When I load the following code in ghci I get a Monomomorphism restriction warning with the suggested fix of
Consider giving ‘pexp’ and ‘nDividedByPExp’ a type signature
|
17 | (nDividedByPExp, pexp) = getPExp' nDividedByP 1
but doing that doesn't solve the problem. I then get the error:
Overloaded signature conflicts with monomorphism restriction
nDividedByPExp :: Integral i => i
Here is the code:
{-# OPTIONS_GHC -Wall -fno-warn-incomplete-patterns #-}
{-# LANGUAGE ExplicitForAll, ScopedTypeVariables #-}
pfactor :: forall i.

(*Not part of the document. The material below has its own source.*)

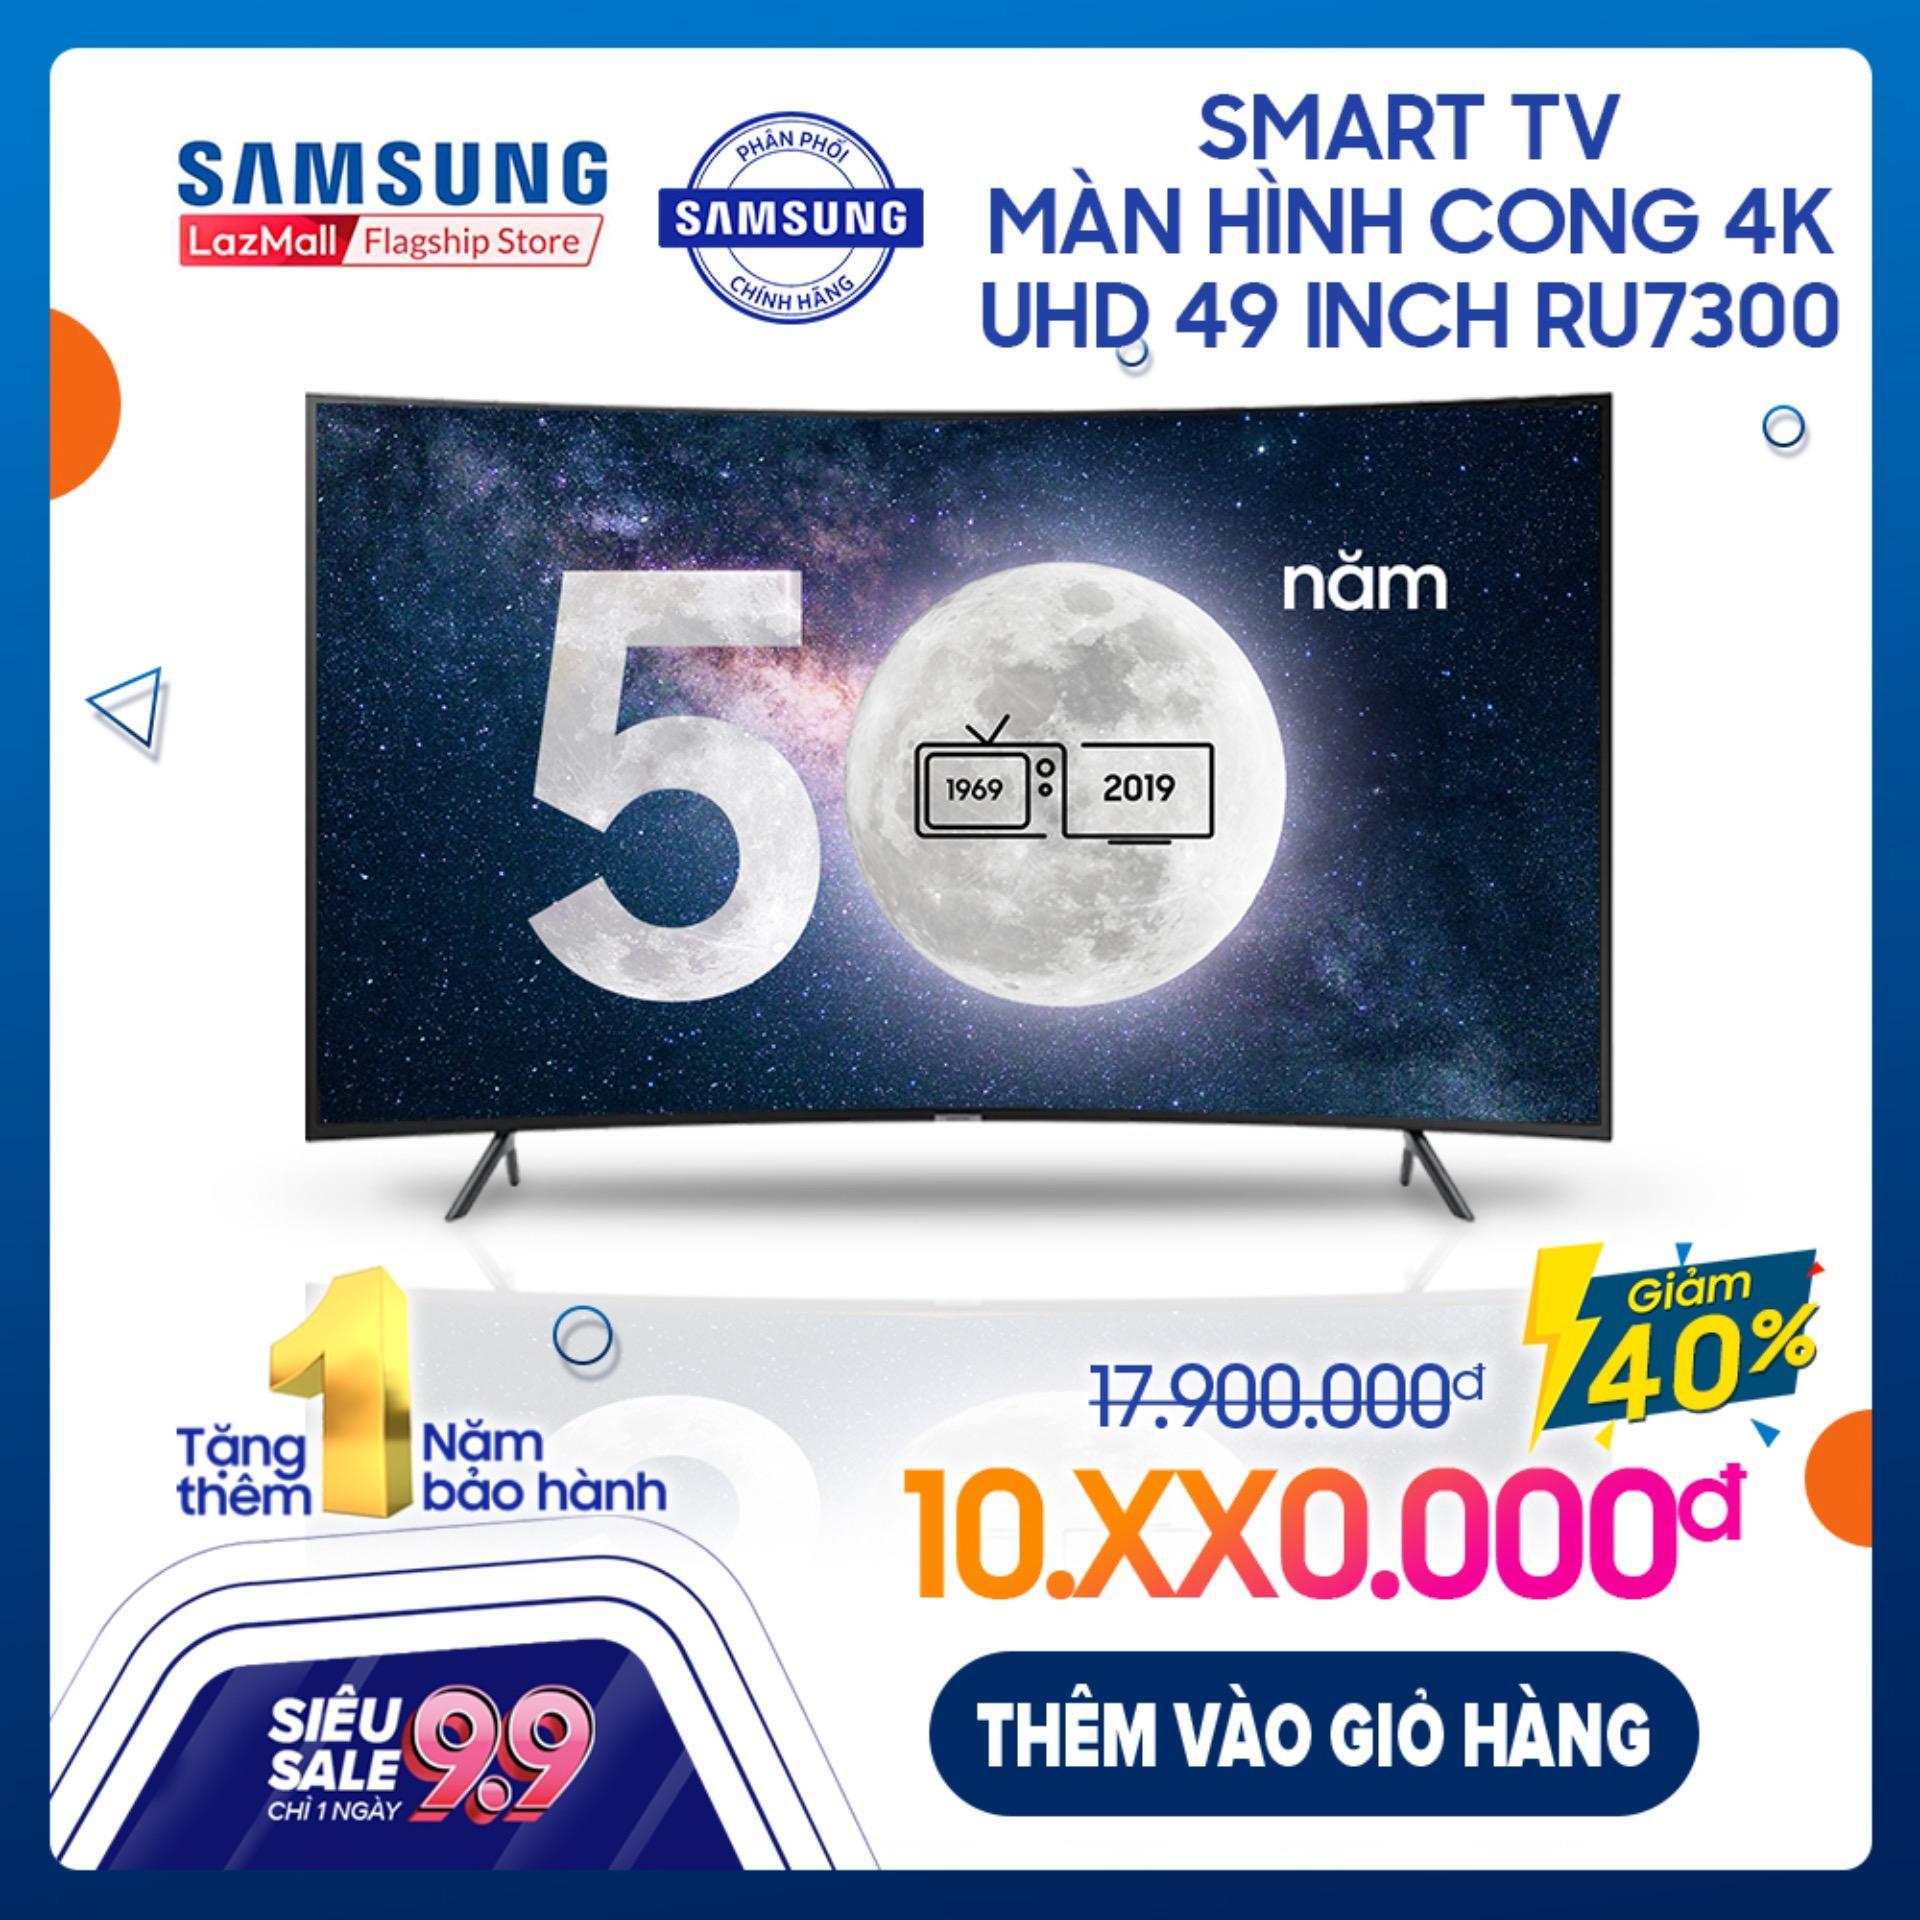 Smart TV Samsung màn hình cong 4K UHD 49 inch...

Integral i => i -> [(i, i)]
-- pfactor :: Integral i => i -> [(i, i)]
pfactor m =
pf' m [] $ primesUpTo (floorSqrt m)
where
pf' :: Integral i => i -> [(i, i)] ->[i] -> [(i, i)]
pf' n res (p : ps)
| pIsNotAFactor = pf' n res ps
| otherwise = pf' nDividedByPExp ((p, pexp) : res) remainingPrimes
where
(nDividedByP, r) = n `quotRem` p
pIsNotAFactor = r /= 0
-- nDividedByPExp, pexp :: Integral i => i
(nDividedByPExp, pexp) = getPExp' nDividedByP 1
-- getPExp' :: Integral i => i -> i -> (i, i)
getPExp' currNDividedByP currExp
| pDoesNotDivideCurrNDividedByP = (currNDividedByP, currExp)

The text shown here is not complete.